POV-Ray : Newsgroups : povray.off-topic : Luniversity studies : Re: Luniversity studies Server Time
9 Oct 2024 20:51:19 EDT (-0400)
  Re: Luniversity studies  
From: scott
Date: 11 Nov 2008 08:35:02
Message: <49198a06@news.povray.org>
>> Kinematics and Dynamics in 2D
>
> Kinematics is a word?

Yes, it's basically about movements of objects without considering the 
forces that cause the movements.  eg if one part is fixed to move at 5000rpm 
what happens to the rest of the connected system.  Quite a lot of geometry 
and resolving velocities, instantaneous centres of rotation etc.

> Any idea what a "resonant mode" is?

One particular way something can vibrate, that can't be split up further.  A 
bit like splitting a signal into sine waves.  eg take a 30cm ruler, you can 
bend it in the middle, that's the 1st mode.  The 2nd mode is to force it 
into a complete sine wave shape (ie two bends in the length).  Of course in 
3D you get many more modes, like twisting, bending in the other direction 
etc.  It's easier to analyse the system if you can split it down into the 
resonant modes.  Each resonant mode will also have a natural frequency.

> Ouch. AFAIK, anything involving fluids or gasses = highly complex.

Yep this was my worst course, working out the states of steam and water 
vapour as it goes through a cycle, using huge look-up-tables because there 
are no formulae for these highly complex things, etc.  Although learning 
exactly how a jet engine works and calculating the exit speed and 
temperature of the exhaust gases was pretty cool.

>> Materials I & II
>
> Now that *sounds* quite simple... but I bet it isn't.
>
> (I'm presuming this is about elastic vs plastic deformation and so forth.)

Yeh, and how stress and cracks propagate, phase diagrams of mixtures of 
materials, particularly on the iron-carbon one (there are like 100 different 
states of iron depending how quickly it is cooled and what proportion of 
carbon you have in there).  Also hardness of materials, statistical analysis 
of ceramics, that sort of thing.

> ...so, Lorenz forces and so on?

Yep, starting with how semiconductors work (very physicsy) then going on to 
diodes and transistors, the 2nd part of the course did the same for 
magnetics, really a base lecture course for other ones.

>> Electrical Power
>
> OK, I have *got* to be missing something here. ;-)

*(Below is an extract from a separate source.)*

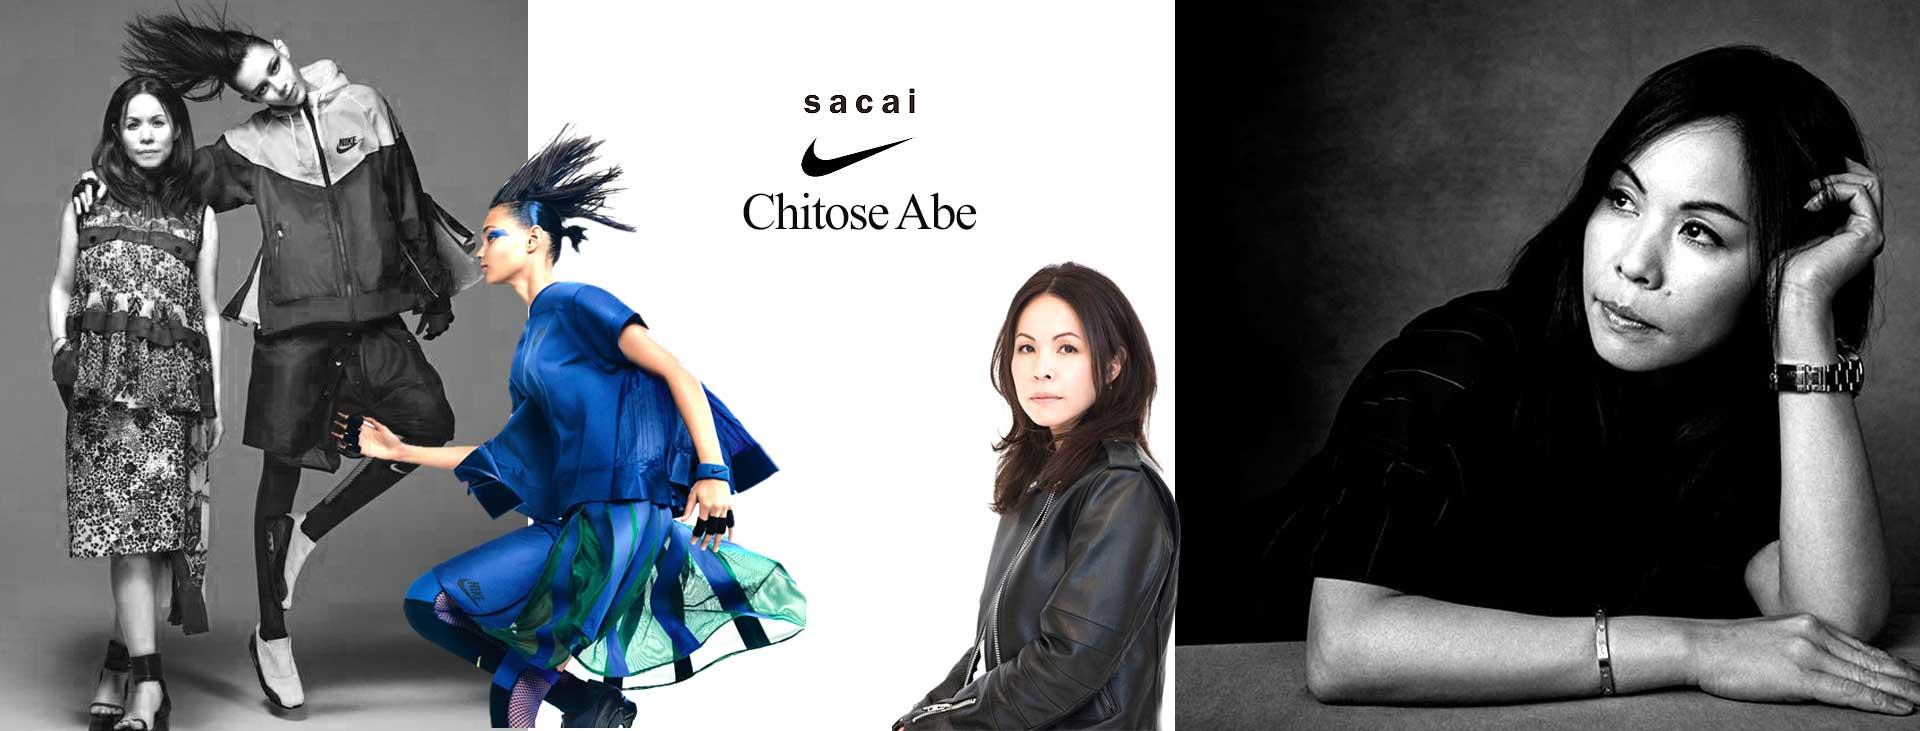 Chitose Abe 1 - زنان پیشگام در صنعت مد

Well from the previous course we already learnt that resistance is complex, 
so that helps you understand the generators and motors here, then 3-phase 
power, power transmission, transformers, power factor correction, that sort 
of stuff.

>> Comms Fourier Transforms & Signal & Data Analysis
>
> What a title! o_O

Got very hairy at stages with things like cross-correlation and 
auto-correlation, also with things like z-transforms and FIR and IIR filters 
etc.

>> Mathematics
>
> Oh... so that's specific then!

There were 2 courses here, both were optional depending on how much maths 
you had done at A level.  Most people sat the "fast" course just as a 
refresher, just to relearn the basics like how to solve differential 
equations, how matrices work, stuff like that.

>> Computing
> Interesting?

Not really, software life cycle, structured programming, numerical precision 
errors, algorithm complexity, search&sort algorithms, very vague and 
general, clearly aimed at writing some small code block to solve an 
Engineering problem rather than any huge software project.

>> Structural Design Project (ie building a bridge!)
> LOL!

They applied prices to each bit of metal you could use, then you had a 
budget to build a bridge to span a certain gap (about 1 metre) and support a 
certain weight (about 150kg).  Of course the cheapest one that could 
withstand 150kg won.  Mine buckled and collapsed spectacularly at about 70kg 
due to me not actually putting it together very squarely.  I still have this 
twisted lump of rusting metal in the attic at home!

> The... uh... no, I can't remember the name of it. But there *is* a 
> programming contest that's a bit like the IRTC. They set a challenge, and 
> you have so many days to write a program that solves it. One of them was 
> where your program accepts a track description as input, and produces a 
> series of driving commands as output. The car that gets round the track 
> fastest wins. (But the car simulation part is an external program, with 
> limits on acceleration, cornering, etc.)

Oh that sounds cool, one of our practicals was a bit like that, we had to 
write a program to control some factory that was producing several different 
parts according to demand.  It got quite complex and remember writing a 6 or 
8 dimensional optimisation algorithm to see when was best to switch 
production lines from one product to another!